ABOUT THIS TASK:
Wherever "against" turns up in the entries, copy out the line that holds it.

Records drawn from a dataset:
········
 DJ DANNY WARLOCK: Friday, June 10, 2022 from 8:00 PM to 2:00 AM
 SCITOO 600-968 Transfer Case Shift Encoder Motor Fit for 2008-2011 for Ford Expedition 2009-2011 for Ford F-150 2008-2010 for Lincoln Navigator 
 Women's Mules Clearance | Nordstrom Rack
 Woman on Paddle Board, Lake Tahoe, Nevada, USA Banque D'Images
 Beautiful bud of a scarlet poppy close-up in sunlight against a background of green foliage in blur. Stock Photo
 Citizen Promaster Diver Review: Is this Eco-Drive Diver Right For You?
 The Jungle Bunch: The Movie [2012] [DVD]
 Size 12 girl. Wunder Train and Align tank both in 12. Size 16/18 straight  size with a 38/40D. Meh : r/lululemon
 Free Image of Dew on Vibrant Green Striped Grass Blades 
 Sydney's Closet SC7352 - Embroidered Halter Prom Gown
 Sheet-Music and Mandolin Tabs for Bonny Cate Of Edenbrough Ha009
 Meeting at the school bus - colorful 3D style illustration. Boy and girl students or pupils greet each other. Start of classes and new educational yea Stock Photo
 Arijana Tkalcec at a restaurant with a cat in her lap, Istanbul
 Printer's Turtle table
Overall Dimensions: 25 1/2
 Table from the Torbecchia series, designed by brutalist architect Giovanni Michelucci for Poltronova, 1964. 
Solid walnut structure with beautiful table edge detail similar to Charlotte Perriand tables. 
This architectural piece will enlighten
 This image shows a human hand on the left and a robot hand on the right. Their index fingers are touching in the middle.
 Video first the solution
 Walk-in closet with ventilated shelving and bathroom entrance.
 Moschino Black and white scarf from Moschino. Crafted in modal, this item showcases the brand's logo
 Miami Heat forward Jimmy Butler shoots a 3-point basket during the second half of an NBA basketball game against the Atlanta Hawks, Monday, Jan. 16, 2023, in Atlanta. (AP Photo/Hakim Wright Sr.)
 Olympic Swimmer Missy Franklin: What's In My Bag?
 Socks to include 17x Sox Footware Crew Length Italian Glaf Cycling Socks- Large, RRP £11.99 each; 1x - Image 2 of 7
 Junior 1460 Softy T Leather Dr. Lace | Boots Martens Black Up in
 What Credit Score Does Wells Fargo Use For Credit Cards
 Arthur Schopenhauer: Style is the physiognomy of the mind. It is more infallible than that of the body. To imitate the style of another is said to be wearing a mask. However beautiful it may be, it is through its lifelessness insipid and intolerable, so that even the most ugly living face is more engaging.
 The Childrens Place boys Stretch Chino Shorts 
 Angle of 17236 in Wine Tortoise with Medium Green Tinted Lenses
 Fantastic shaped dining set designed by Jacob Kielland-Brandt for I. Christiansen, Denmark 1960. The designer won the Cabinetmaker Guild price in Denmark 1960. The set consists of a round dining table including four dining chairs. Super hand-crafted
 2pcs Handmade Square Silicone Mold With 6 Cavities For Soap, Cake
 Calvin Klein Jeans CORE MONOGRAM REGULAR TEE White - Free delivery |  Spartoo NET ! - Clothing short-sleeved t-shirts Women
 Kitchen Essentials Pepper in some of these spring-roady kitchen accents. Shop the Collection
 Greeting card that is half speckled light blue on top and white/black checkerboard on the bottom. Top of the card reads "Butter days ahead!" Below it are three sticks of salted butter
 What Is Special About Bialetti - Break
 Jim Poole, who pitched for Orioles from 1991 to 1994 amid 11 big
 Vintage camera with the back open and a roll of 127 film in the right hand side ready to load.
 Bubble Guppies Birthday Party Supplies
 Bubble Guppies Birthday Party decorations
········
SOLUTION TO THIS TASK:
 Beautiful bud of a scarlet poppy close-up in sunlight against a background of green foliage in blur. Stock Photo
 Miami Heat forward Jimmy Butler shoots a 3-point basket during the second half of an NBA basketball game against the Atlanta Hawks, Monday, Jan. 16, 2023, in Atlanta. (AP Photo/Hakim Wright Sr.)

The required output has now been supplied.